The green state is going brown.
In March, Brown said “The fossil fuel deposits in
California are incredible, the potential is extraordinary. But between now and
development lies a lot of questions that need to be answered.” Last month, he
seemed to move even closer to supporting fracking: “This is not about just
saying, ideologically, yea or nay. It’s about looking at what could be a
fabulous opportunity. . . . And if you remember about oil drilling, oil
drilling in Long Beach, which was really pioneered I think when my father was
governor, poured I don’t know how many billions into higher education.”
California Senate Republican Leader Bob Huff supports
developing the Monterey Shale. "While everyone is giddy about the on-time
budget just passed, it does not do anything to pay down the state's unfunded
pension and health care system for state employees. If we had the revenues from Monterey Shale we
could pay down that debt and truly build a high class education system to
continue what Governor Brown's father began."

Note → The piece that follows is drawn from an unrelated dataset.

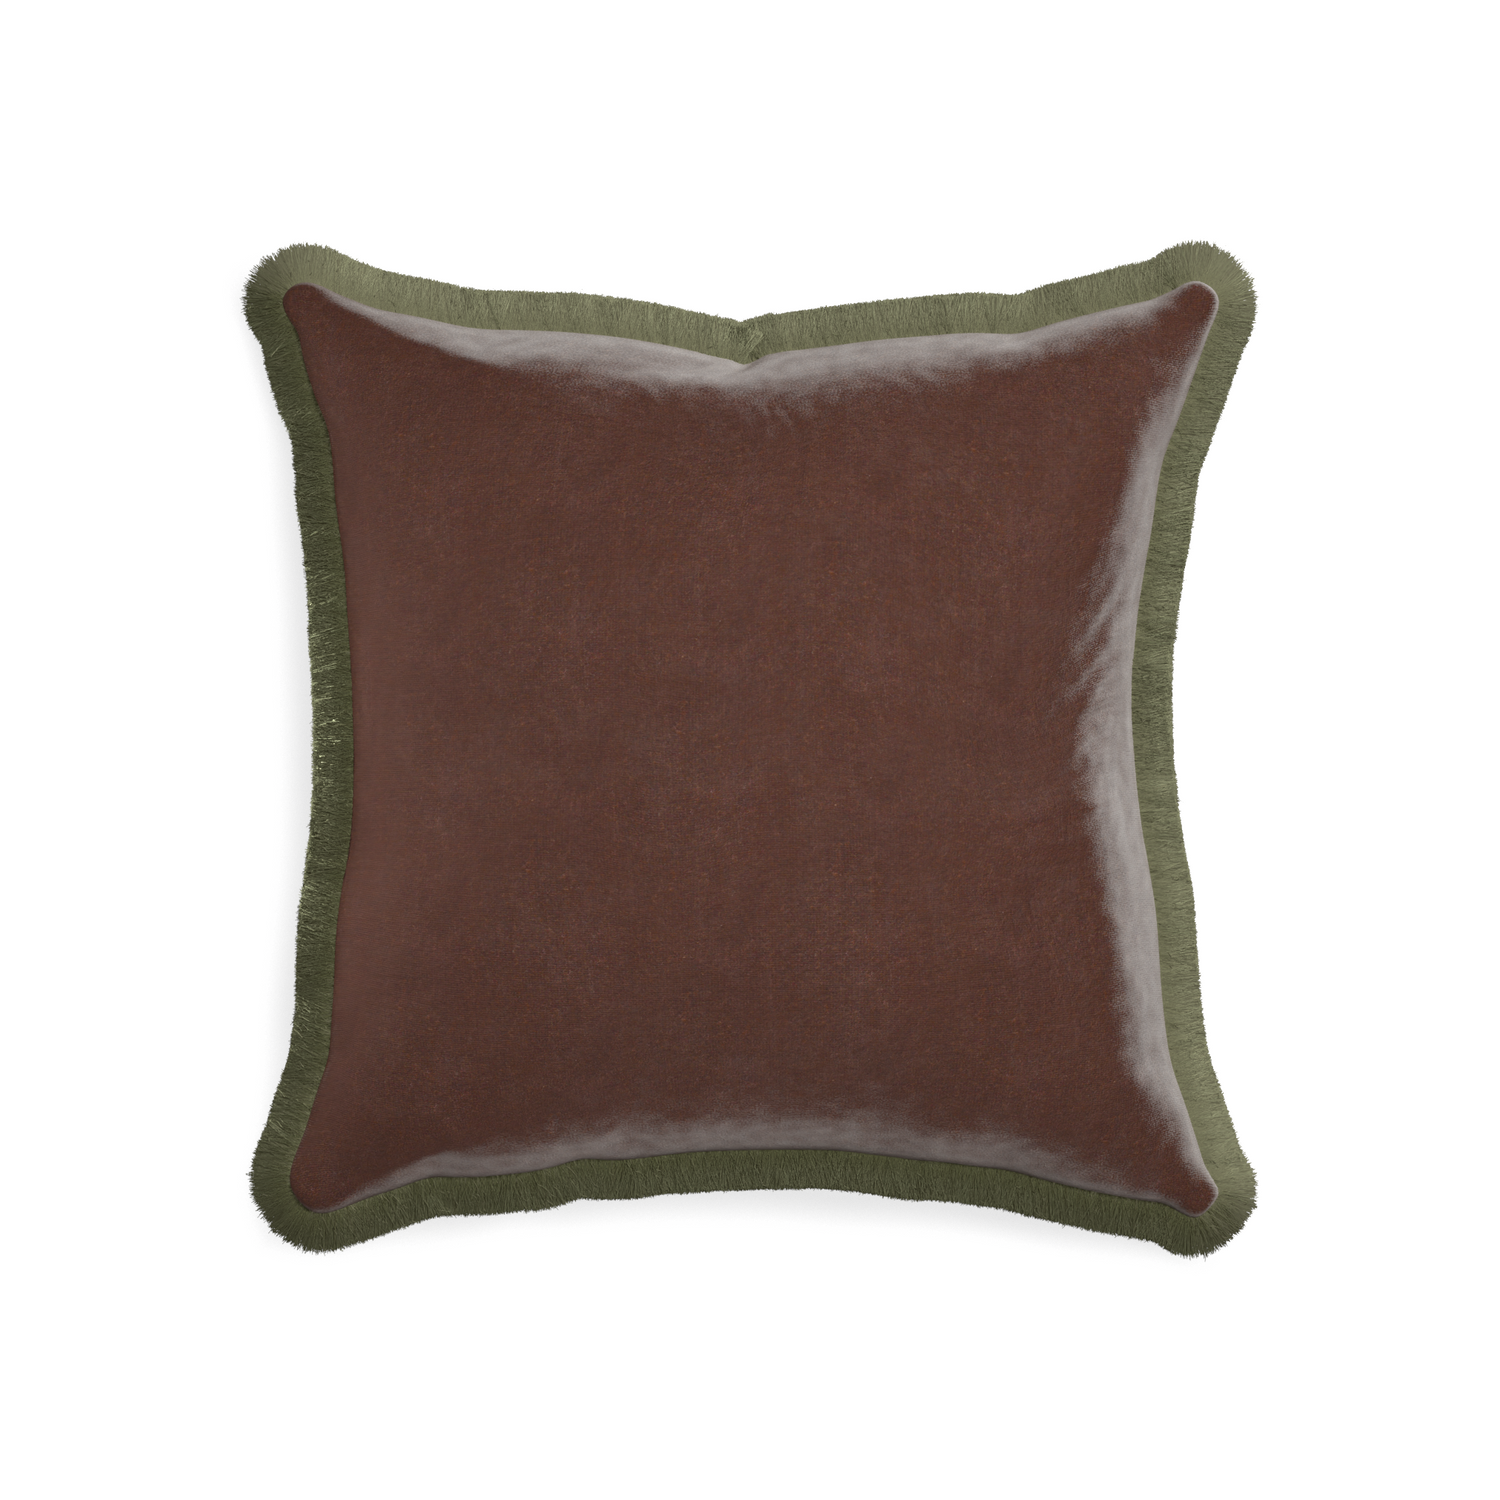 square brown velvet pillow with sage green fringe

While Brown doesn’t take the doom-and-gloomers all too
seriously, most of the state sees through the fear mongering, too. A recent poll
found that 60% of Californians were in favor of properly regulated hydraulic
fracturing. Only 30% said they prefer a ban. Generally Democrats opposed
fracking while Republicans support it; those on the coast and in the San
Francisco Bay area oppose it while support was highest in the central valley
and in Southern California counties outside of Los Angeles. Support increased
if it could be shown that fracking would reduce energy and gasoline prices. Dan
Schnur, director of USC's Unruh Institute of Politics, states: “It's clear that
a majority of voters is comfortable with the procedure, as long as they believe
appropriate regulation is in place.”
Of the flurry of bills aimed at either explicit or de
facto moratoria on fracking, one did make it out of the Senate after the author
agreed to remove the fracking moratorium provision to get the bill to the
Assembly. SB 4 originally called for comprehensive regulations and a fracking
moratorium until January 1, 2015—by which time the guidelines would be in place.

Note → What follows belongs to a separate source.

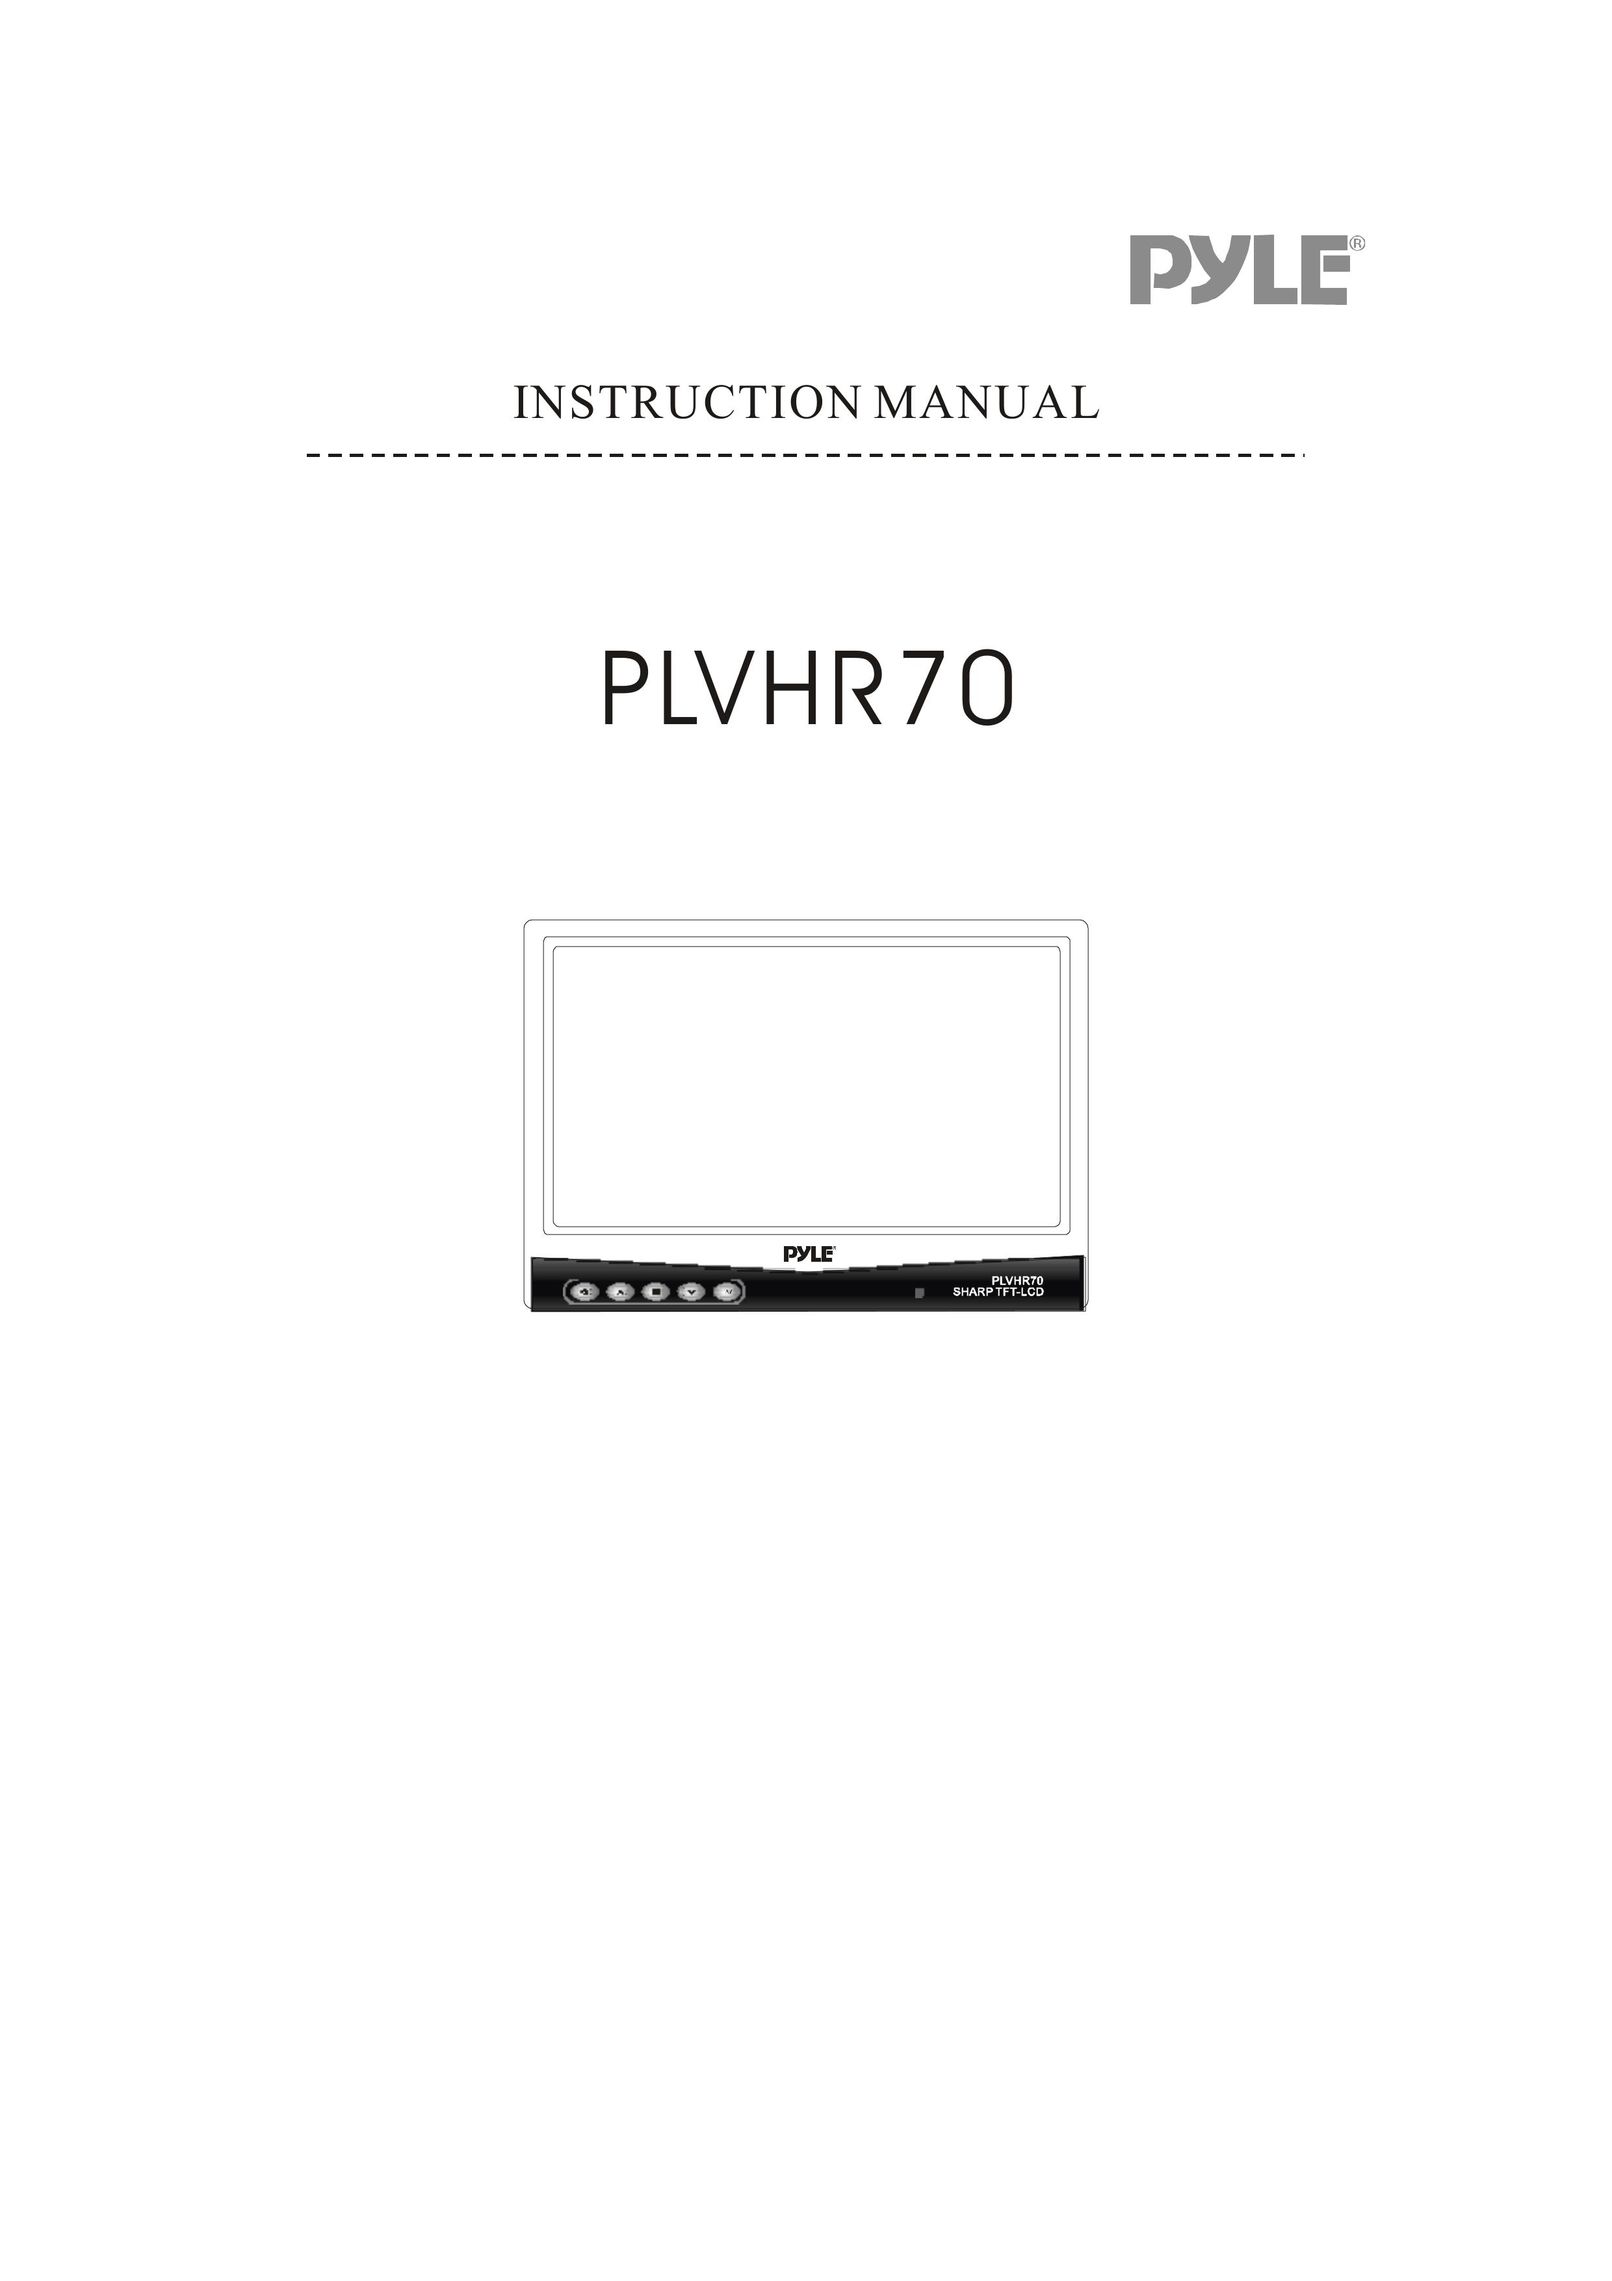 Radio Shack PLVHR70 Baby Monitor User Manual

The bill’s author, Senator Fran Pavley (D-Agoura Hills)—usually an
environmentalist ally, describes the bill: “This is not a bill to ban, prohibit
or regulate hydraulic fracturing. It’s to provide transparency to the public.”
Investors are now buying up property in the regions
surrounding the Monterey Shale, knowing that development will mean economic
recovery and a need for new housing and services. The gang green is losing to
greenbacks.
Once again, energy could make California great.